Там уже накрыли чай. Молодые медсестры возбужденно переговаривались, а Иван Петрович заканчивал заполнять карту.
— Людмила Сергеевна, ну вы волшебница! — всплеснула руками старшая сестра. — Мы уж думали — точно кесарево, а вы зашли — и через пятнадцать минут родила!
— Да, спасибо, что передохнуть дали, — благодарно улыбнулся Игутов.
— Она бы и сама родила, — отмахнулась Людмила, наливая себе чай. — Просто испугалась. Первые роды, молоденькая совсем. Тут не резать надо, а руку подержать. Ласковое слово и кошке приятно.
***Рабочая смена подошла к концу. За это время Людмила приняла еще четверых рожениц и вернулась в ординаторскую после очередных удачных родов. Она сделала себе чай и села за стол.

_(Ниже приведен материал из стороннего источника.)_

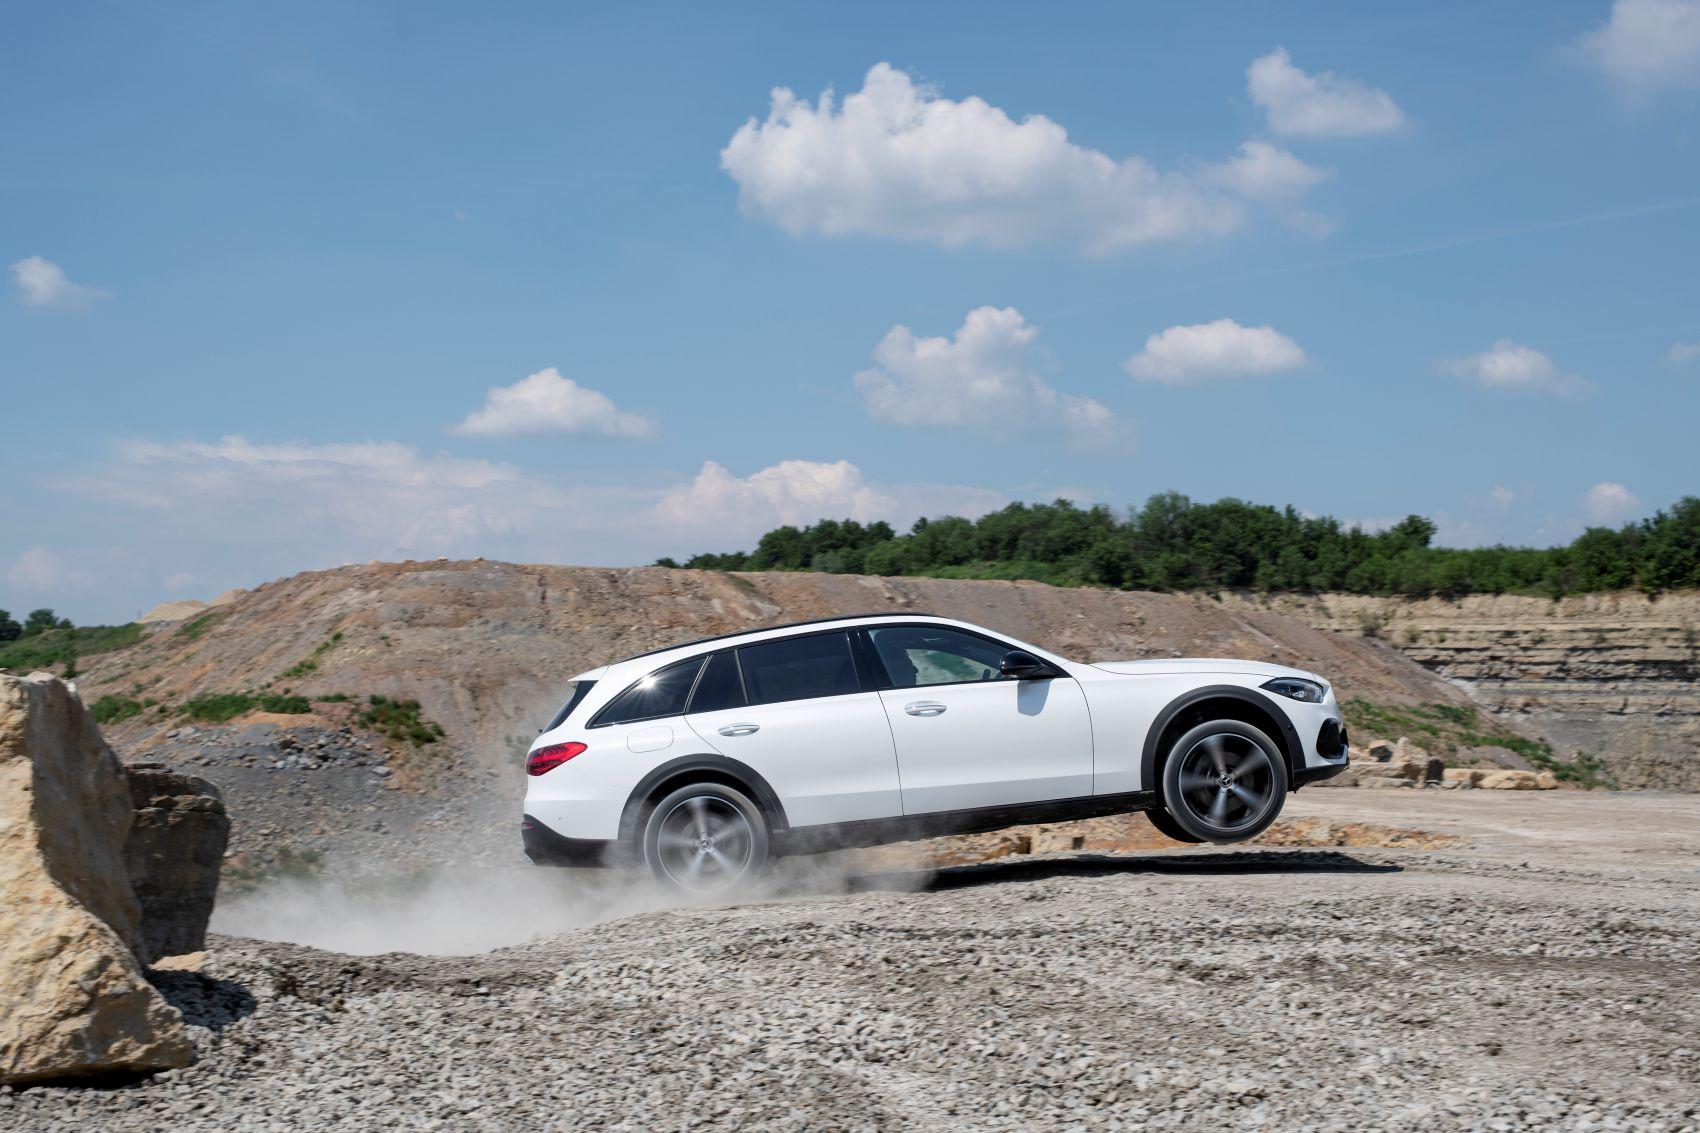 Mercedes C-Klasse T-Modell All-Terrain

Санитарка Кузьминична, пришедшая на смену, посмотрела на нее поверх очков.
— Людмила Сергеевна, вы бы отдохнули. Вы же сутки на ногах.

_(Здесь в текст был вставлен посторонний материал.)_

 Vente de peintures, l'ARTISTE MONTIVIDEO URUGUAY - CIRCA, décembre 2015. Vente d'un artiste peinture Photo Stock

— Отдохну, — она отхлебнула горячий, слишком сладкий чай. — Сейчас допью и пойду.
Но не уходила. Сидела, смотрела в окно на утренний городской пейзаж, на людей, спешащих по своим делам, и думала о том, как странно устроена жизнь. Она приняла за эти годы столько детей, что могла бы составить из них целую деревню. Да не одну. А своих — ни одного.
В кабинет вошла молоденькая девушка, проходившая у них практику. Села рядом и заглянула в глаза.
— Людмила Сергеевна, а как вы это делаете? Ну, вот так... спокойно? Я бы не смогла. Когда на родах стою, у самой сердце выпрыгивает.
Людмила посмотрела на нее — чистые глаза, румянец, никакой еще усталости. Когда-то она сама была такой. Тоже думала, что всех спасет, всех вытянет. Что любовью и теплом можно заменить все плохое.
— Привыкла, дочка. Сорок лет — не шутка.
Практикантка вздохнула, кивнула и убежала по вызову.
Людмила осталась одна. Подошла к маленькому железному шкафчику с ее фамилией на скотче и достала телефон. Экран тускло светился. Пальцы замерли над кнопками — не могла ни набрать номер, ни убрать телефон. Потому что уже двадцать лет не звонила сестре. И Вера ей — тоже.
В груди уже привычно заныло. Она присела на край стула и сжала телефон в ладони. Тот нагревался, становясь почти живым. Представила: сейчас позвонит, в трубке пойдут гудки, и Вера ответит своим спокойным, чуть хрипловатым голосом, каким говорят после долгого сна. Удивленно скажет: «Люська?» — и замолчит. А она не будет знать, что говорить. Просто прости? Или сразу правду, что она виновата?
Она уже хотела убрать телефон обратно, но пальцы сами набрали номер. Людмила замерла, прижала трубку к уху и услышала ровный голос робота:
— Абонент недоступен.
Она сбросила вызов и посмотрела на экран так, словно тот был виноват. Набрала снова — и все тот же бездушный ответ. Убрала телефон в карман халата и откинулась на спинку стула, глядя в потолок.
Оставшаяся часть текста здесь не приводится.